On March 21, 2017, the Supreme Court heard oral arguments in Impression Products, Inc. v. Lexmark International, Inc., addressing the application of patent exhaustion to conditioned and international sales. The doctrine of patent exhaustion limits a patentee’s ability to enforce its rights as to a patented product (or a product embodying a patented method) after there has been an authorized sale of the product. In the lower court proceedings leading to the Supreme Court, Lexmark contended that the accused infringer, Impression Products, was not permitted to re-sell altered versions of Lexmark’s patented printer cartridges because Lexmark’s initial (authorized) sale of those cartridges had been subject to post-sale conditions, including that buyers were not allowed to refurbish the cartridges or transfer cartridges to third parties. Lexmark had initially sold some of these cartridges outside of the United States, but also contended that those sales did not exhaust its patent rights because they were not domestic sales.
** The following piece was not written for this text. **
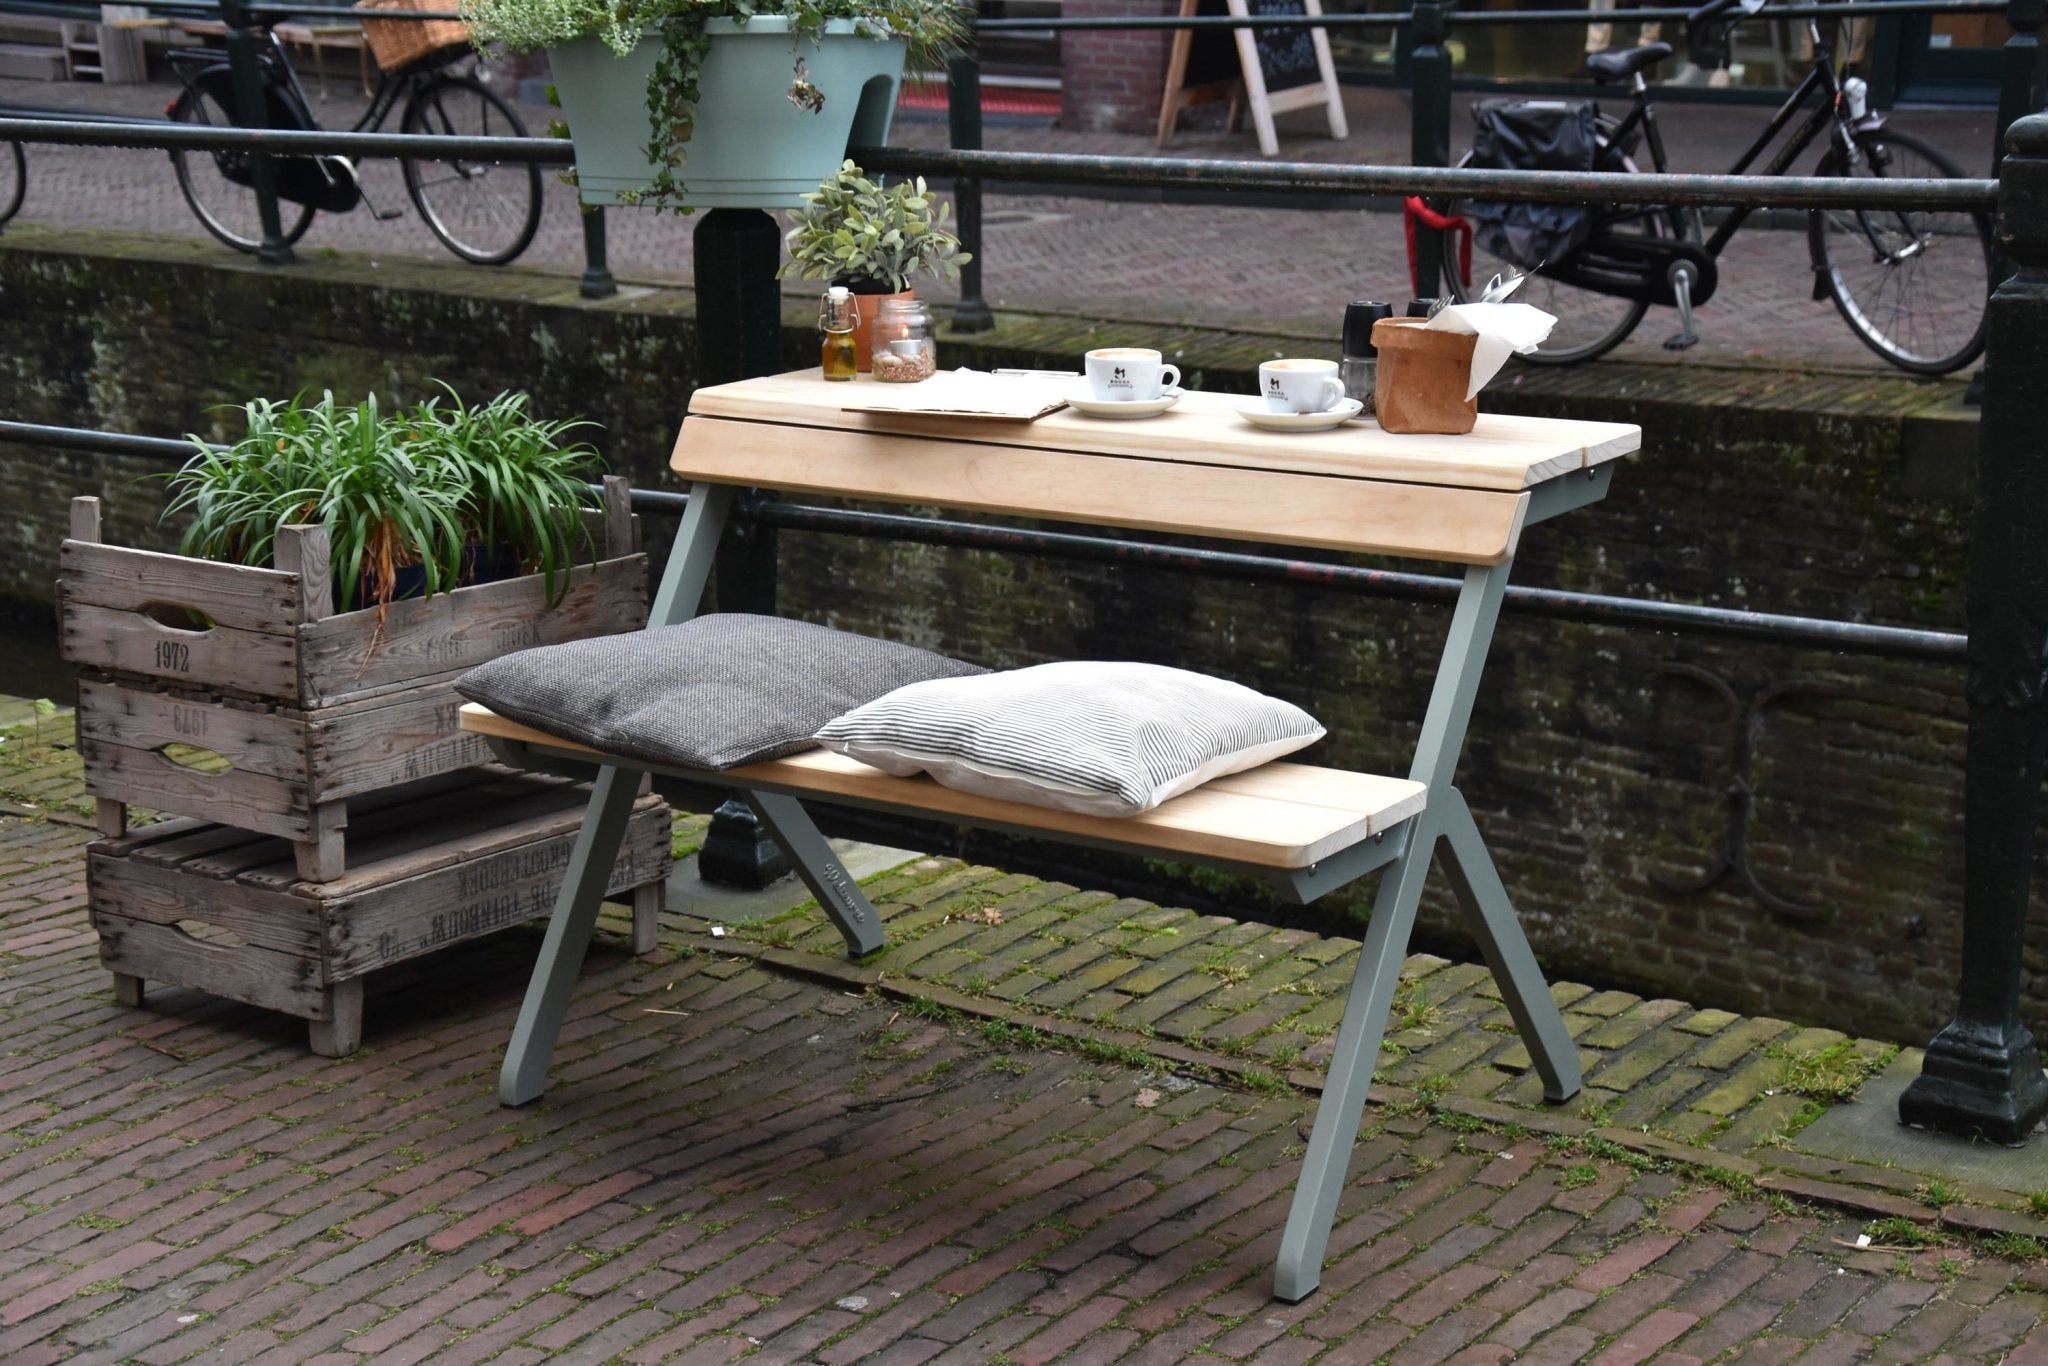 Tablebench 2 or 4 seater - gimmiigimmii

In an en banc consideration of the case, the Federal Circuit held that neither Lexmark’s conditioned sales nor its authorized foreign sales of its patented products exhausted its patent rights. During March’s oral arguments before the Supreme Court, however, the justices asked Lexmark probing questions as to why contract law would not provide Lexmark with an adequate ability to enforce its conditioned sales, thus possibly demonstrating some doubt as to whether conditioned sales should be an exception to patent exhaustion. In response, counsel for Lexmark noted that contract law is limited, because it requires privity between the parties to the contract. With respect to foreign sales, some of the justices seemed skeptical of mandating that such sales should trigger patent exhaustion in the face of the Patent Act’s silence on the subject—despite the Court’s decision in Kirtsaeng v. John W. Wiley and Sons, Inc., in which it unequivocally adopted international copyright exhaustion without outright statutory support from the Copyright Act.

If the Supreme Court holds that either a conditioned sale or a foreign sale exhausts a patentee’s rights, this case will have practical and economic implications across the board, and will require both patent owners and their competitors to adapt their patent portfolios, licensing practices, and contracts practices to a more restrictive definition of patent rights.